# Anyone ever moved to another country



## John Wick (Dec 16, 2016)

just wondering I got some news today about my new job and I'm closer to being able to move abroad. 


I wanted to hear if anyone else had ever had this experience and what it was like for them since I'm about to basically abandon my life and I'm starting to have some doubts.


----------



## Kusa (Dec 16, 2016)

Yeah

From Iraq to Turkey and from Turkey to Germany


----------



## Deleted member 235437 (Dec 16, 2016)

Yes, moved from Kurdistan to America but the circumstances were much different. My family and I were brought over as refugees, escaping Saddam and I was only about 4 years old so I don't even remember much about first coming here.

Plus, we were brought over in a large group of a bunch of other families from our little town that were also relatives so we weren't completely alone.


----------



## Deleted member 211714 (Dec 16, 2016)

Lived in UK, Germany and France for some time... Prefer United States over them combined
It honestly depends on where you're going.


----------



## Aphrodite (Dec 18, 2016)

Nope but i would if i could.


----------



## ЯƎWO⅃ᖷ (Dec 22, 2016)

I have. It's awesome but you realize you don't quite fit in anywhere


----------



## Virus (Dec 25, 2016)

Yes in Germany, Albania and now Sweden. Fit in more in Albania tbhtbf but other than that I agree with the post above.


----------



## Ignition (Dec 25, 2016)

Yes, I moved from Russia to Argentina, had some family here and college is mostly state owned and practically free.
Spanish wasn't too hard to learn either.


----------



## EJ (Dec 29, 2016)

Yeah I have. Majority work reasons. I lived in Okinawa part of my childhood though.


----------



## Saru (Dec 29, 2016)

Aphrodite said:


> Nope but i would if i could.



This... Probably. Maybe not now since I'm going to school, but switching countries sounds like a generally positive thing ATM.


----------



## Aphrodite (Dec 29, 2016)

Saru said:


> This... Probably. Maybe not now since I'm going to school, but switching countries sounds like a generally positive thing ATM.



Same lets move to another country.


----------



## Frosch (Jan 11, 2017)

I got a job in the US and moved from Mexico, there's less liberties but more comfort and security and socially speaking I don't quite fit anywhere so it made no difference for me in that regard

Reactions: Like 1


----------



## John Wick (Jan 11, 2017)

Flow said:


> Yeah I have. Majority work reasons. I lived in Okinawa part of my childhood though.
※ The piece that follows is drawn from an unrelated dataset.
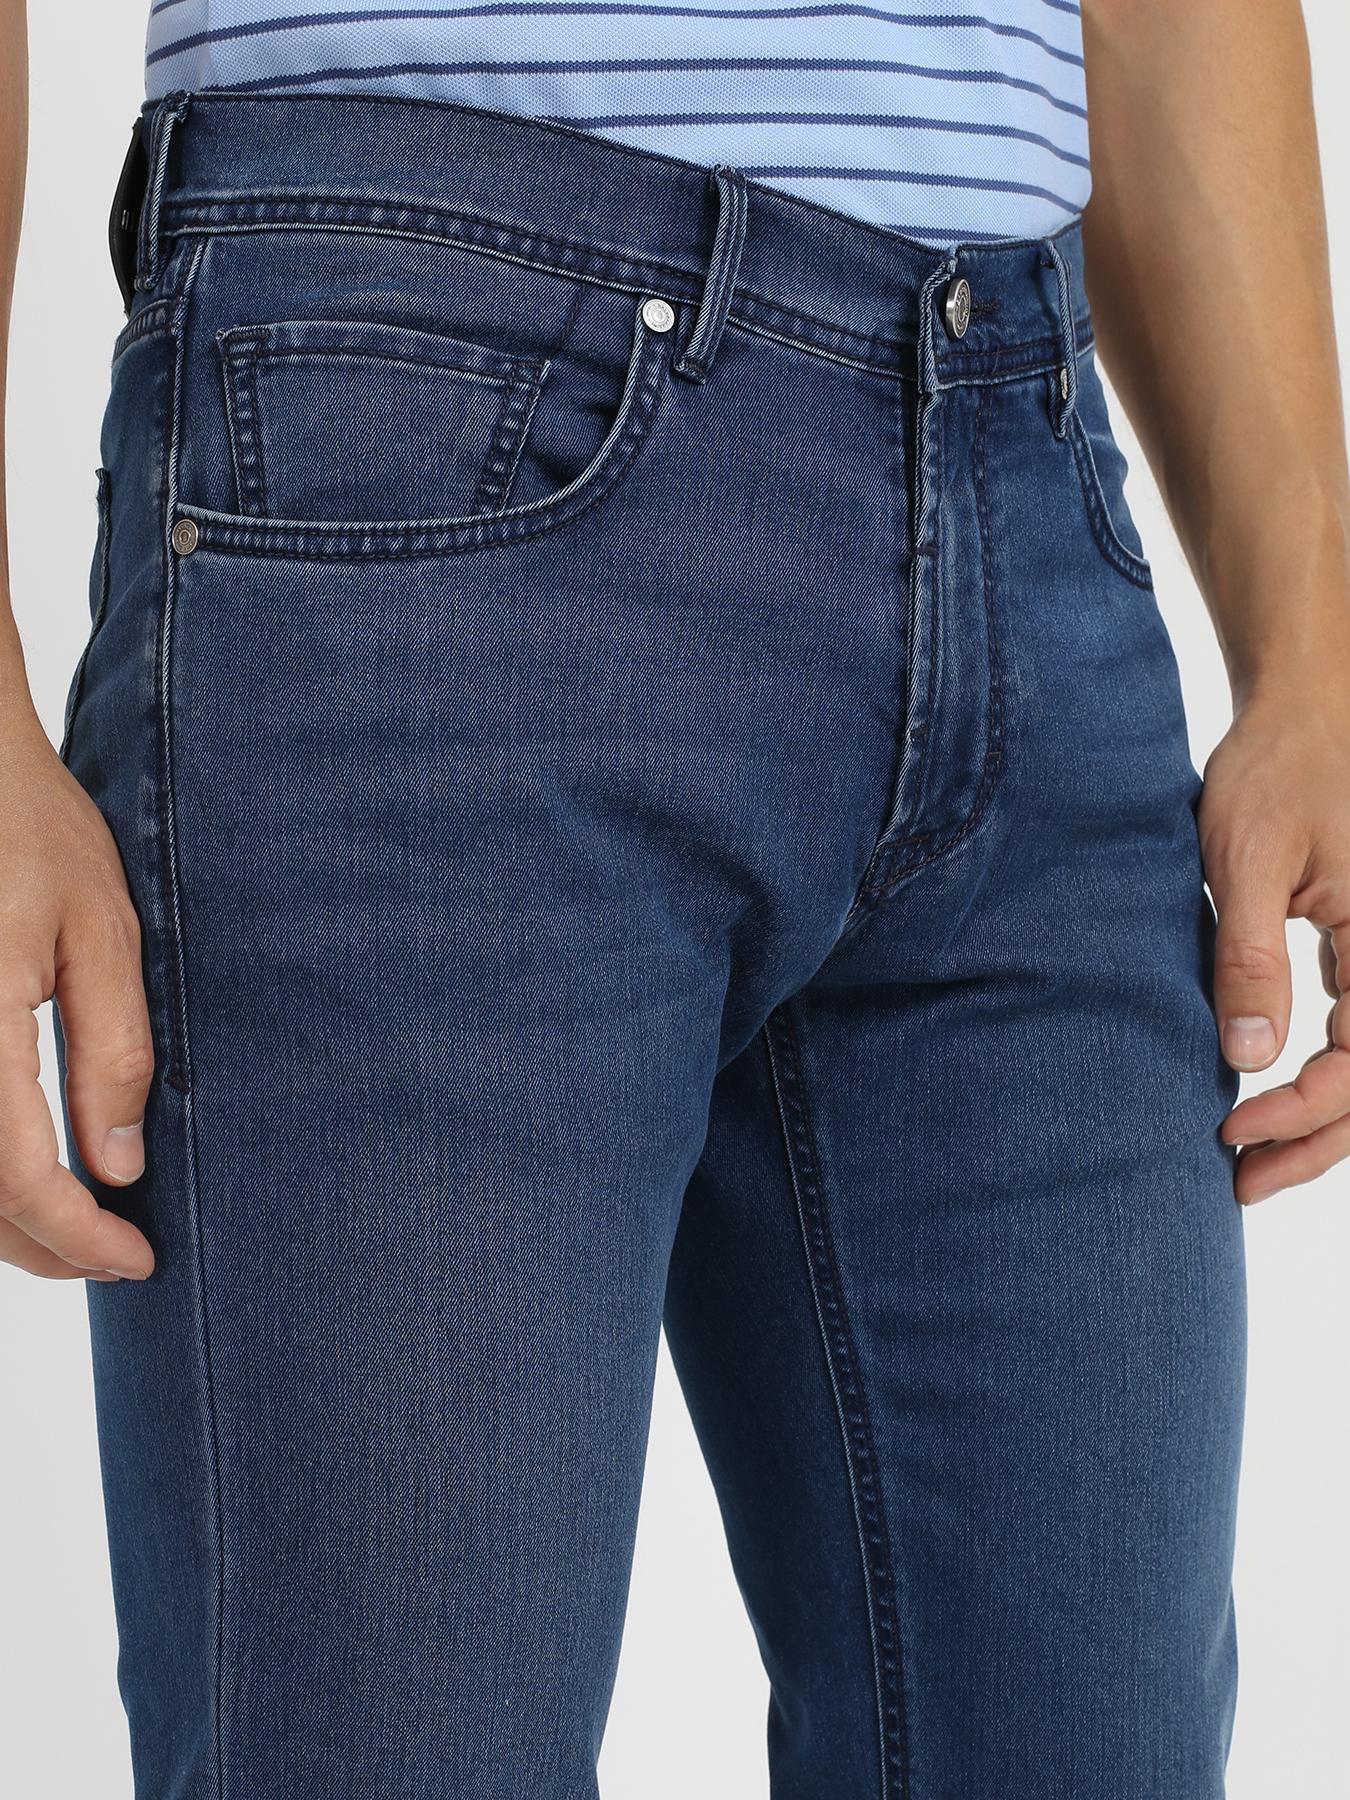 Baldessarini Мужские джинсы 336374-092 Фото 3

I'm going there for my honeymoon


----------



## dynasaur (Jan 30, 2017)

I was born in Khartoum Sudan and moved
to Egypt at 4 and from Egypt to Canada at 7 years old


----------



## Yahiko (Feb 2, 2017)

OP why do you wanna move to the US?


----------



## Eros (Feb 2, 2017)

I would like to move to Switzerland one day if the opportunity presents itself. Learning French and German will be a challenge though.


----------



## John Wick (Feb 3, 2017)

Mr. Nice Guy said:


> OP why do you wanna move to the US?





VAK said:


> just wondering I got some news today about my new job and I'm closer to being able to move abroad.

Reactions: Informative 1


----------



## jkujbkjhffd (Feb 6, 2017)

France to 'merica

Reactions: Informative 1


----------



## Cord (Feb 12, 2017)

I moved from the Philippines to the U.S. when I was twenty years old. Being an adult moving to another country, in my experience, wasn't easy at first since I've never really lived anywhere else and I have been so used to the life I had in my country. It was both difficult and fascinating because of the difference in culture and since I don't know that many people here besides my relatives. Got the hang of it once I started going to college here though.
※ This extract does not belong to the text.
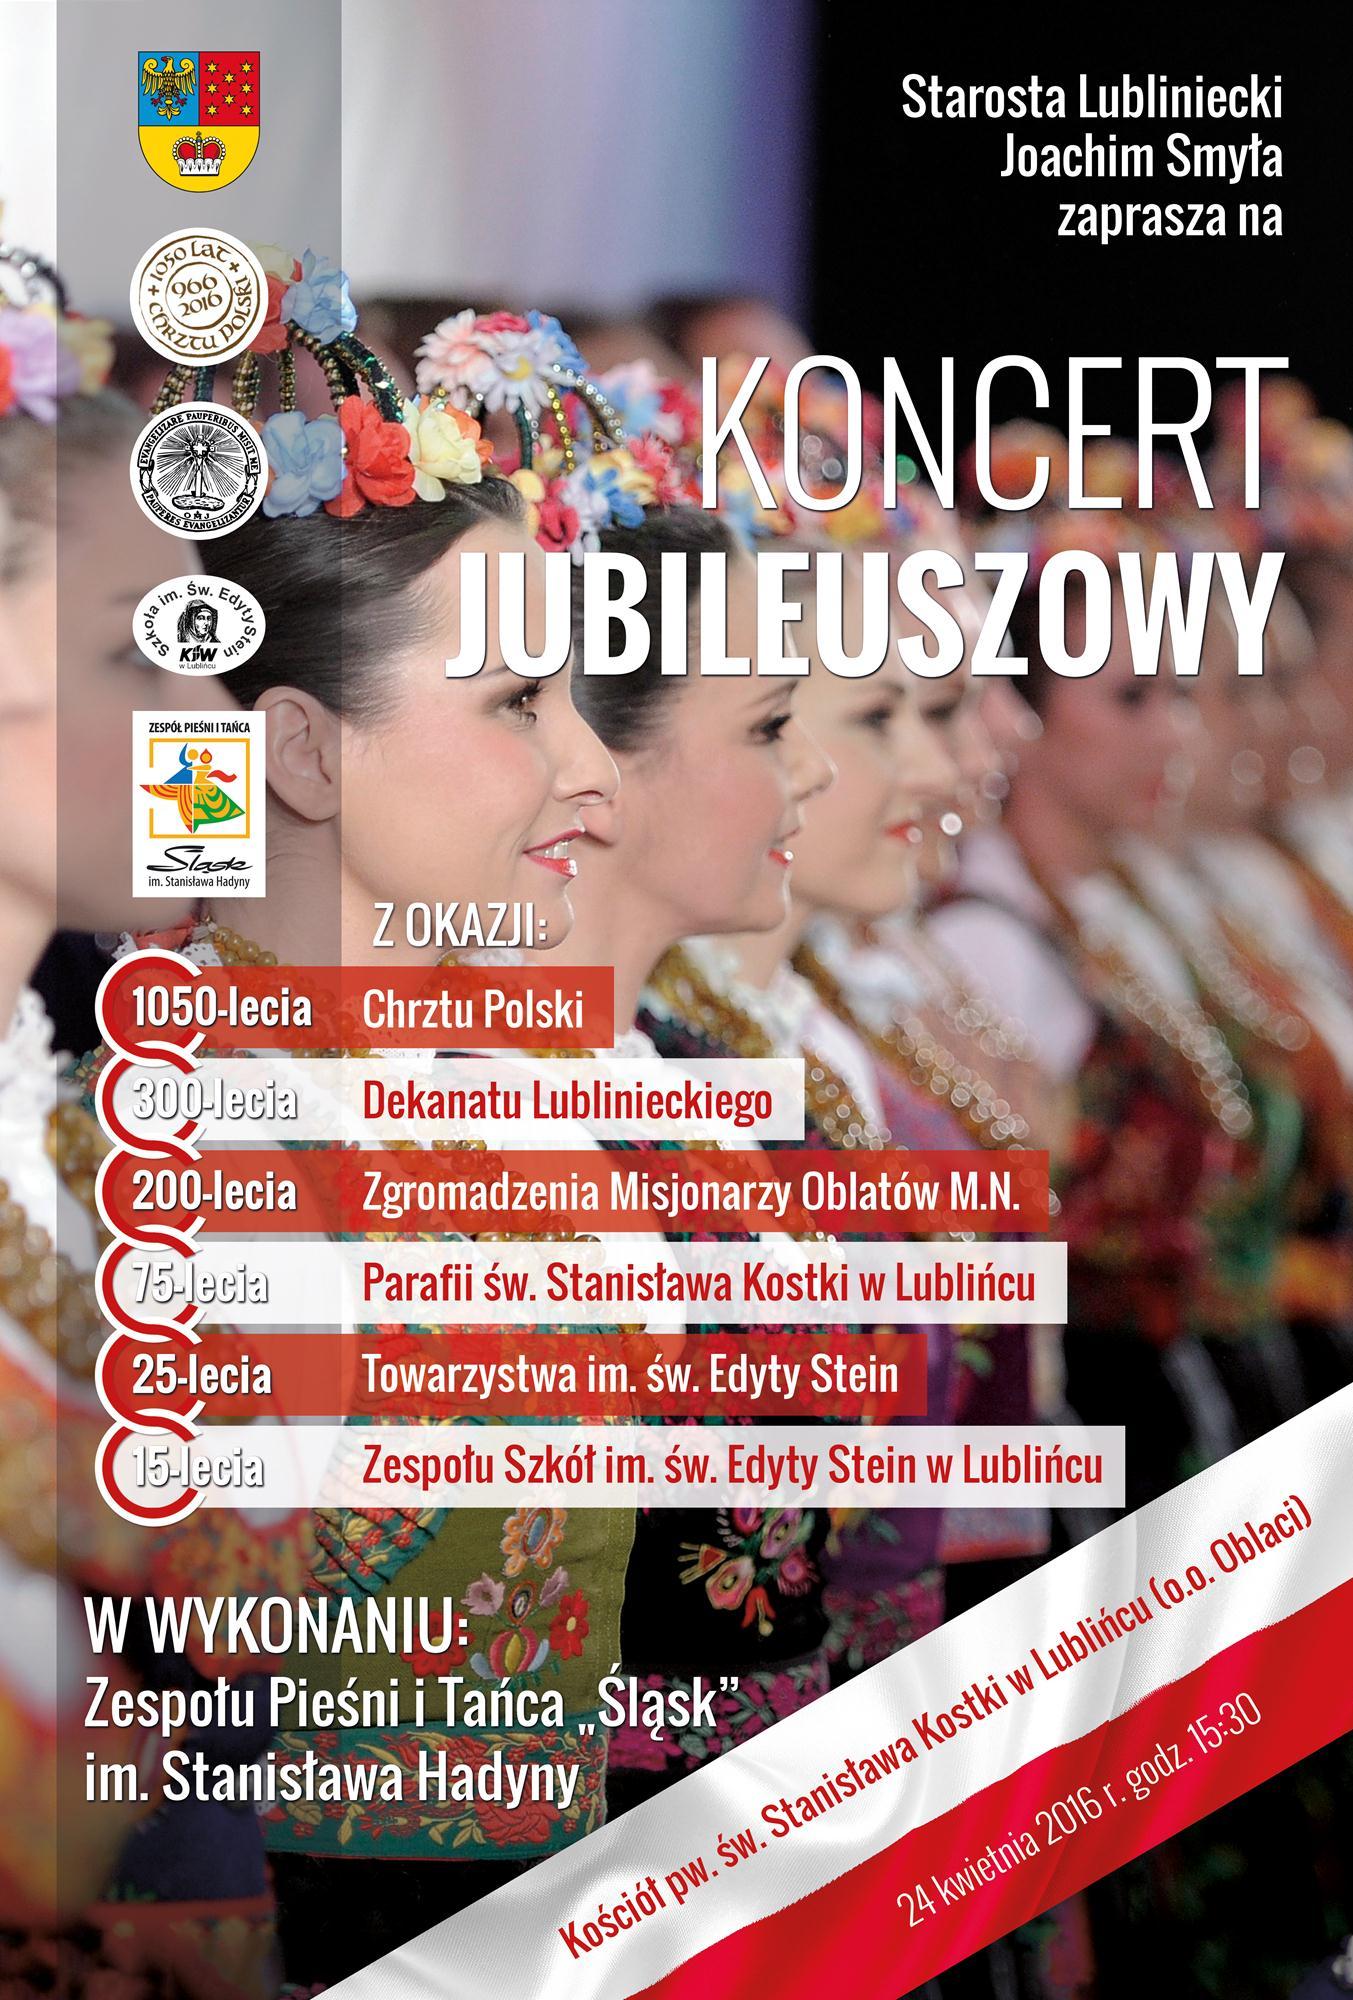 plakat-koncert-jubileuszowy-Miroslaw-Wlodarczyk (Copy)

My sister was only five when she moved with us, so I guess she never really had the same issue with adjustment.


----------



## Atlantic Storm (Feb 12, 2017)

I moved from China to the UK when I was two or three-years old.


----------



## Smoke (Feb 14, 2017)

Mexico to Usa.

I was still a little kid(3 or 4), so my answer probably isn't what you're looking for. I know it was very tough for my parents, as they didn't even speak the language, here. I'm assuming you're moving to a place where you speak the main language?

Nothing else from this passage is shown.